::: Data provided
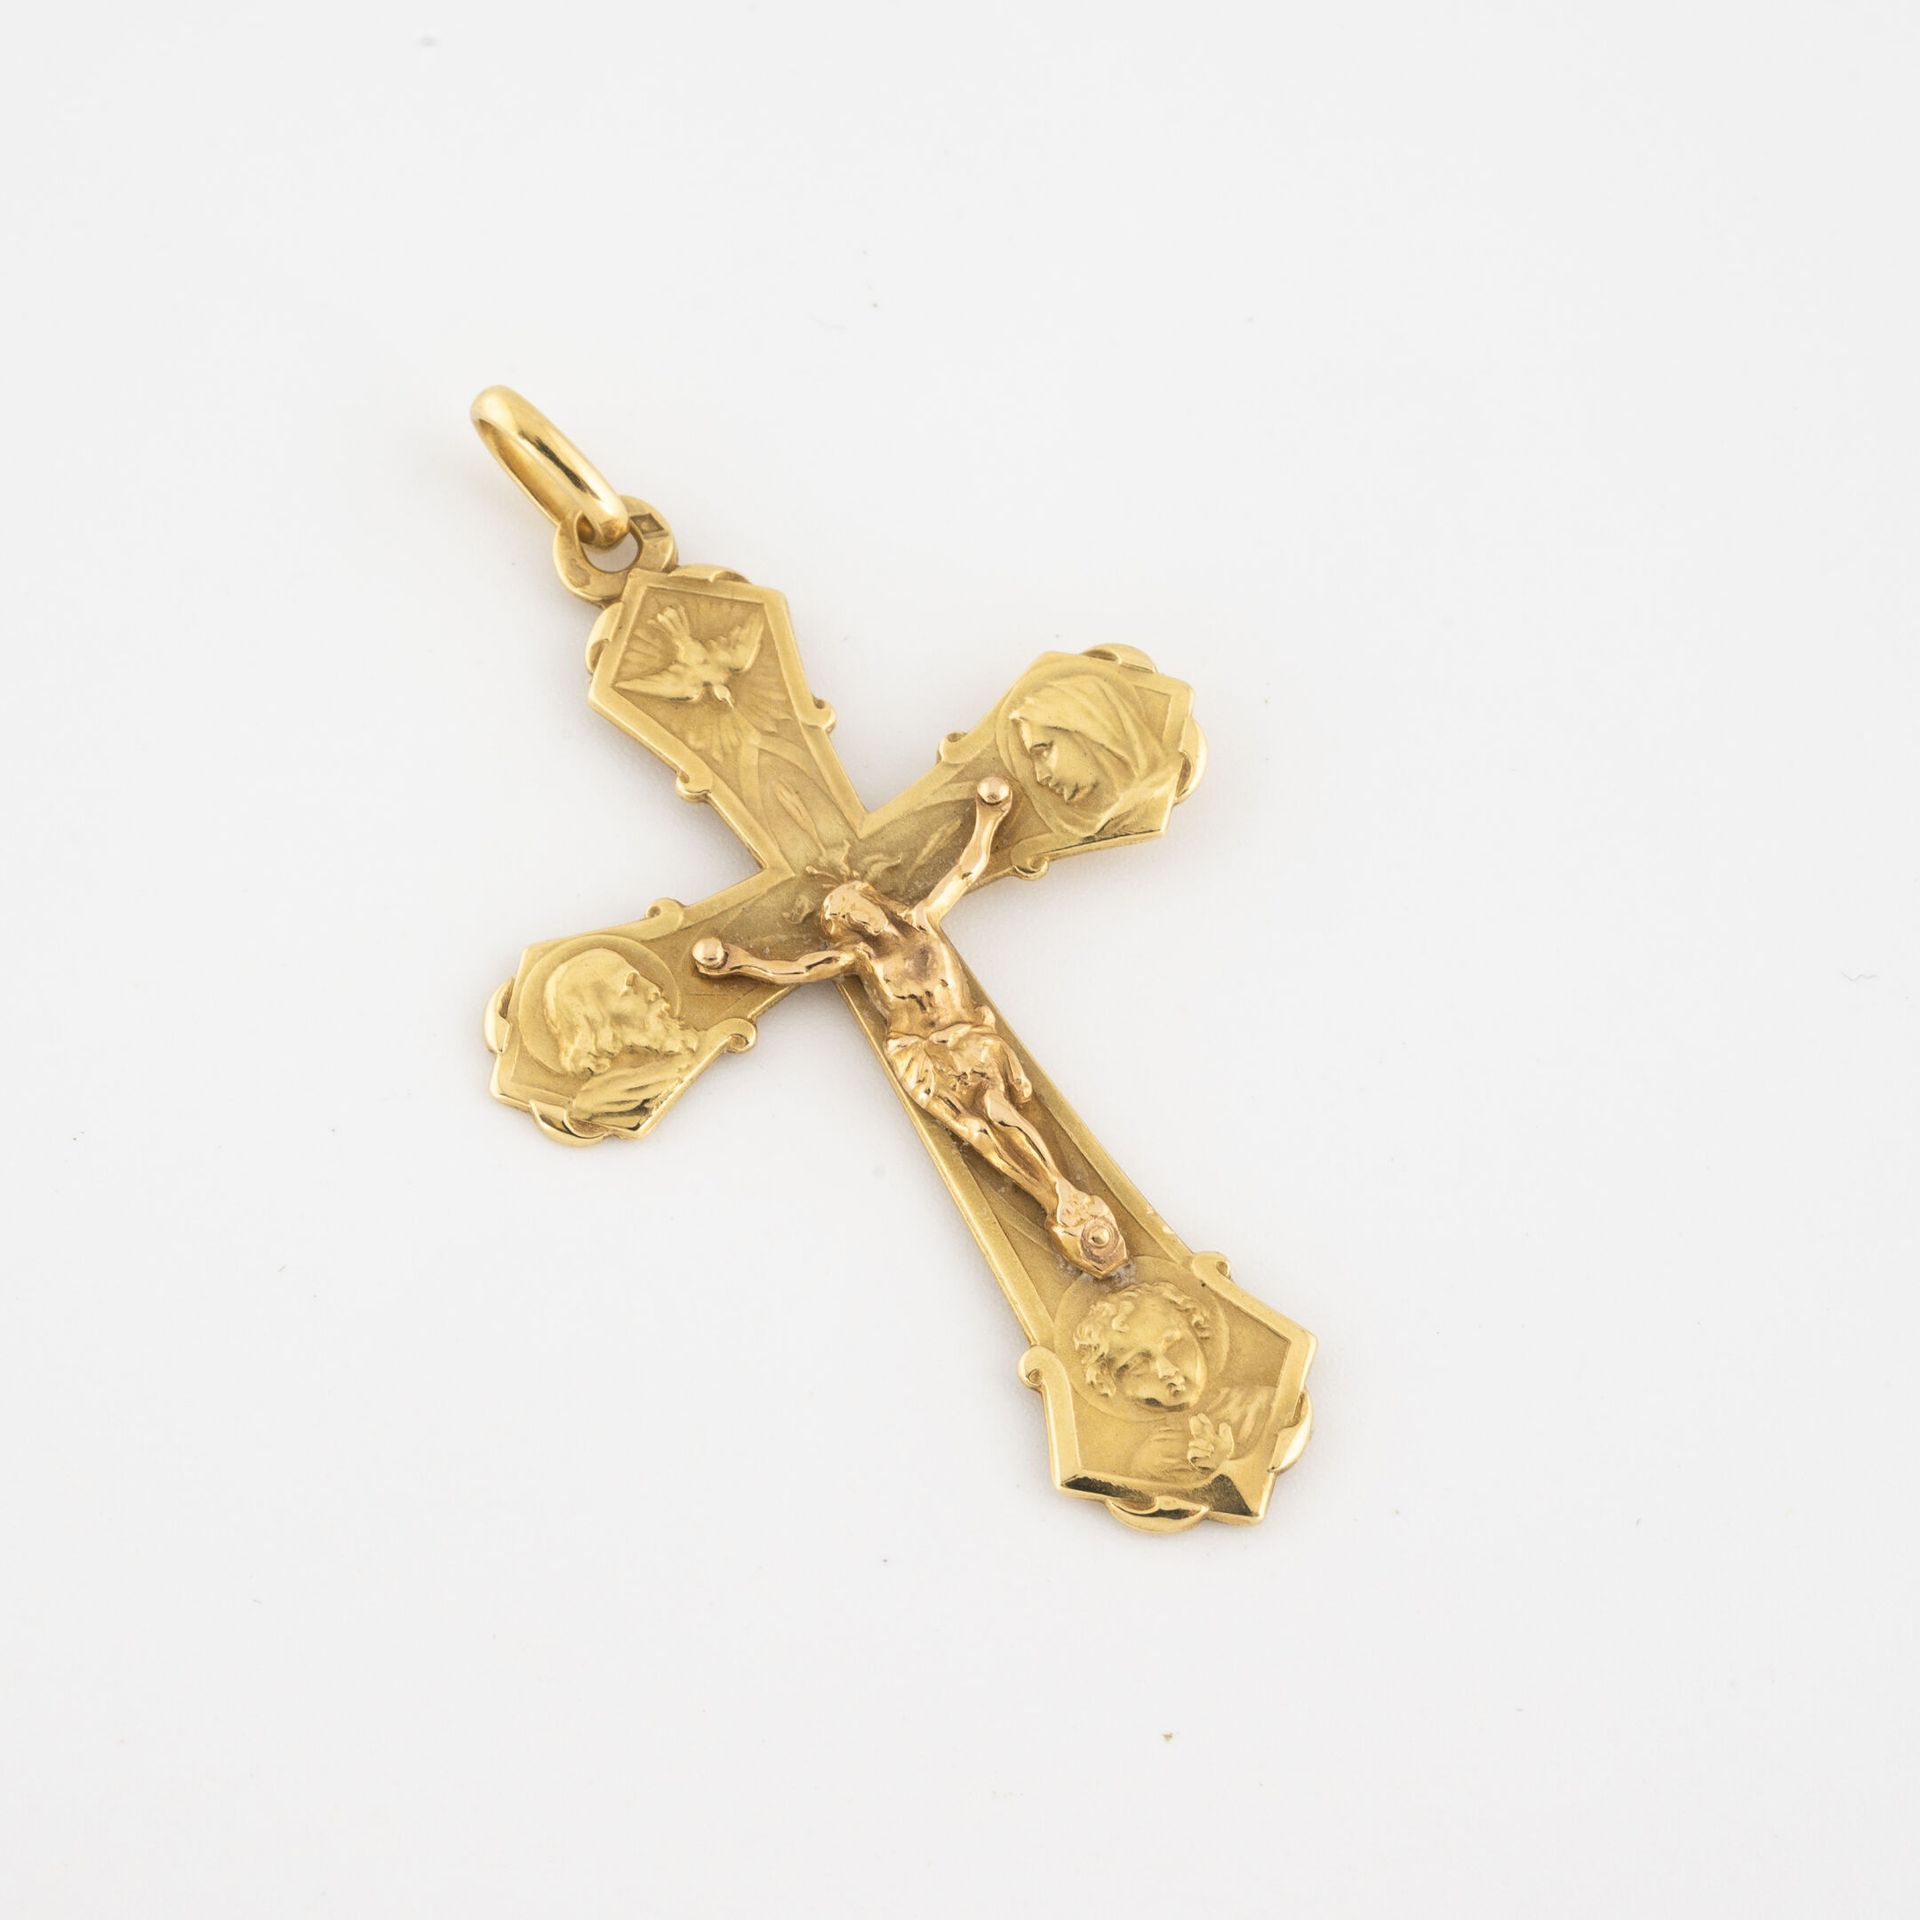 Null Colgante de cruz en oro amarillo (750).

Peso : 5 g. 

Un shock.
::::::
**Task statement:** The answer must be the listing above, restated word for word, with no images in it.

**Answer to this exercise:**
 Null Colgante de cruz en oro amarillo (750).

Peso : 5 g. 

Un shock.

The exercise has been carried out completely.